3.6 · Multimedia Digitisation

Goal: explain briefly how images, audio and video are digitised, and reason about file size trade-offs.

How images are digitised

Step 1 · Sampling — divide into pixels

An image is broken into a grid of pixels (picture elements). The more pixels per inch, the higher the resolution.

Original picture  →  640 × 480 grid  →  307,200 pixels
                                       ▢ ▢ ▢ ▢ ▢ ▢ ▢ …
                                       ▢ ▢ ▢ ▢ ▢ ▢ ▢ …
                                       …

Step 2 · Quantisation — encode each pixel's colour

Each pixel is stored as a colour code. Two common schemes:

Scheme	Bits per pixel	Colours
1-bit black & white	1	2
8-bit greyscale	8	256
24-bit RGB true colour	24 (8 per channel)	16,777,216
32-bit ARGB	32 (8 alpha + 8 R + 8 G + 8 B)	16M with transparency

The bit depth (or colour depth) determines the number of representable colours: 2ⁿ for n bits.

Image file size estimate

file size ≈ width × height × bit depth ÷ 8   (in bytes, uncompressed)

A 1920×1080 24-bit photo:

1920 × 1080 × 24 ÷ 8 = 6,220,800 bytes ≈ 5.9 MB (uncompressed BMP)

Compression (JPG, PNG) typically reduces this by 5×–20×.

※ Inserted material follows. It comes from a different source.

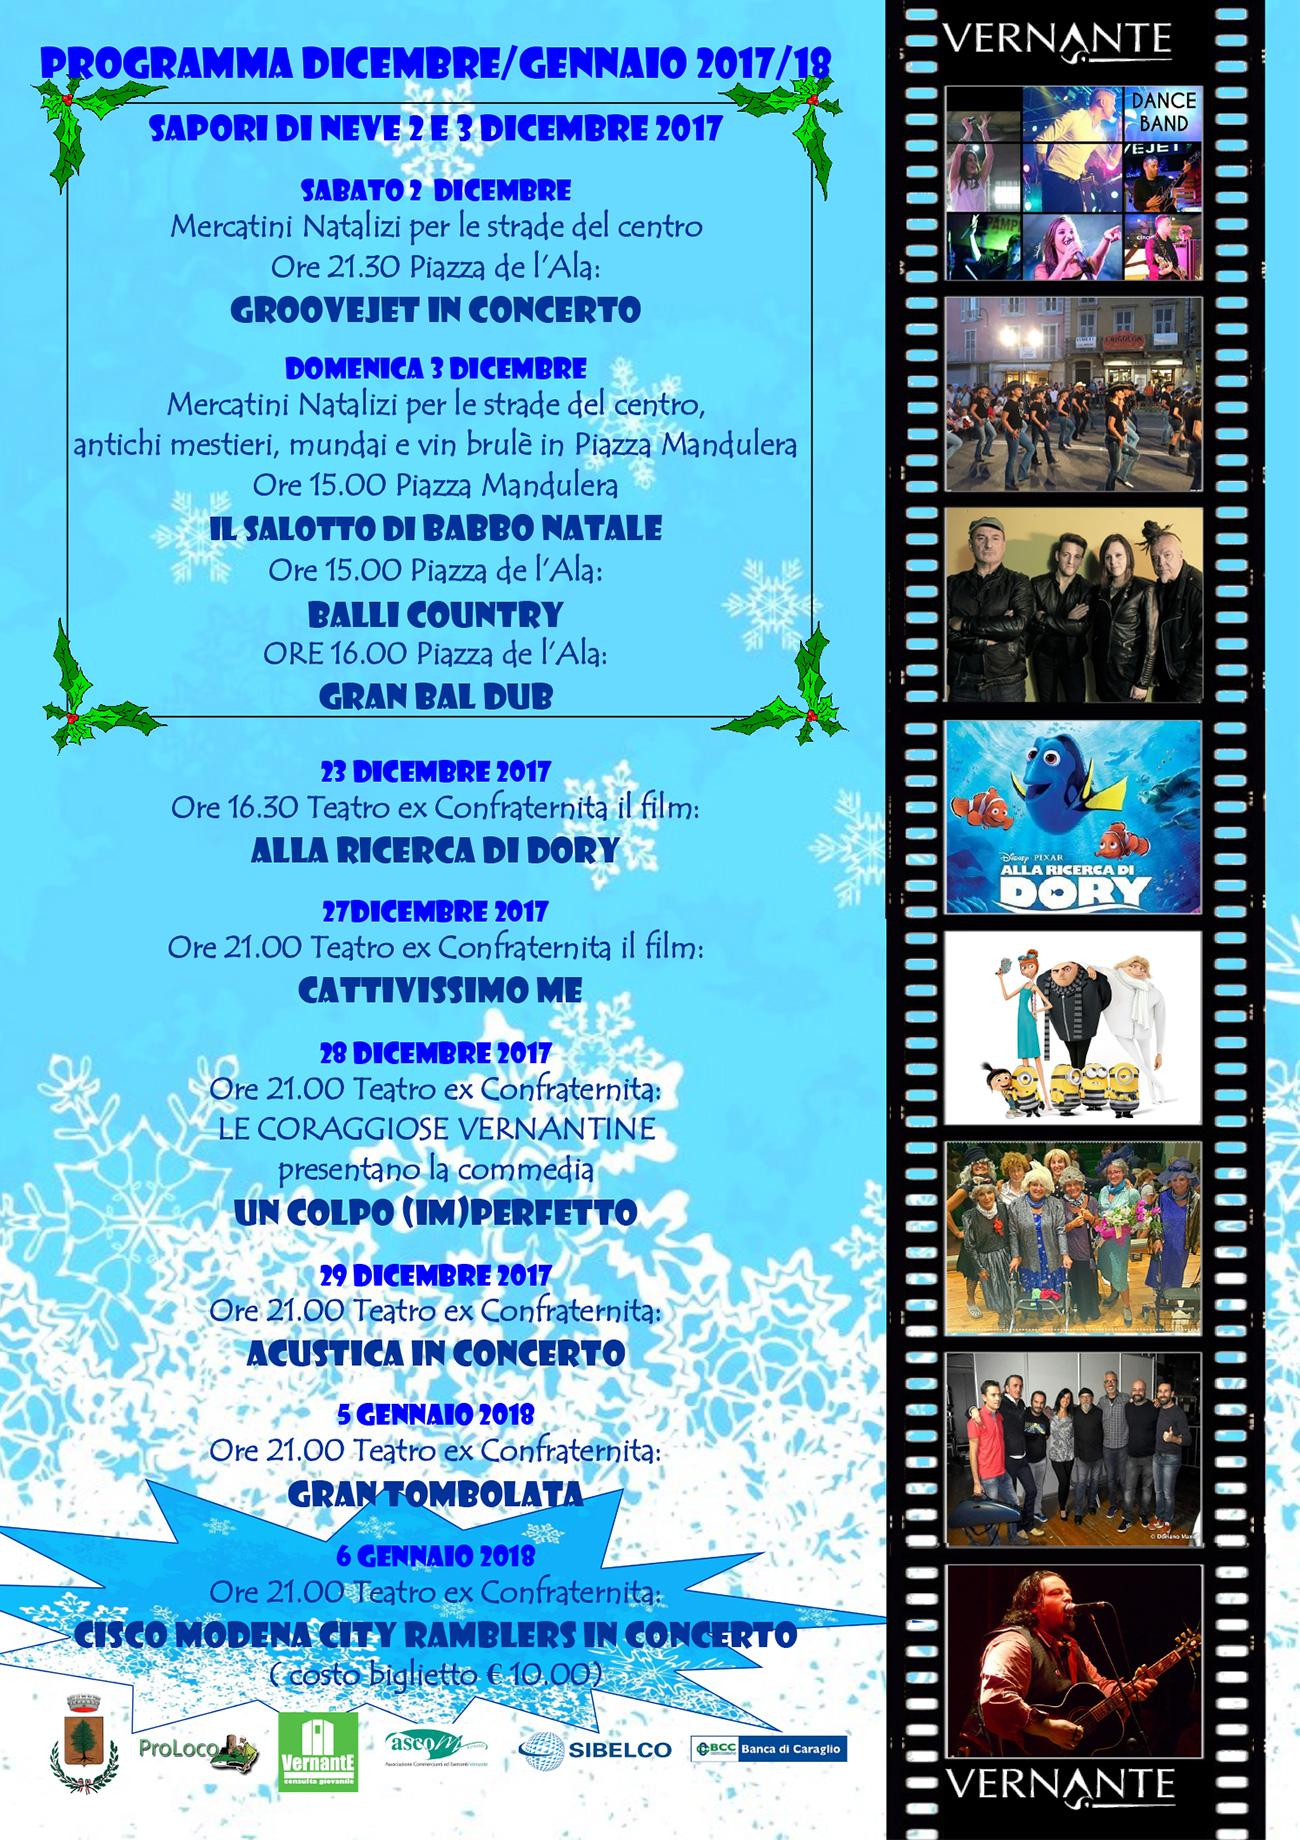 programma-vernante-dicembre-gennaio

Worked example · Why JPG is smaller than BMP for photos

JPG uses lossy compression that discards detail the eye is unlikely to notice (high-frequency components in colour channels). The same 5.9 MB BMP often becomes a 600 KB JPG with imperceptible quality loss.

How audio is digitised

Sound is a continuous pressure wave. To digitise it:

Step 1 · Sampling rate — how often to measure

The microphone is sampled at regular intervals. Common rates:

Sampling rate	Use case
8 kHz	Telephone
22.05 kHz	Low-quality voice recording
44.1 kHz	CD audio
48 kHz	Pro audio, video
96 / 192 kHz	High-resolution audio

Higher rates capture higher frequencies (Nyquist theorem: ≥ 2× the highest frequency to be preserved).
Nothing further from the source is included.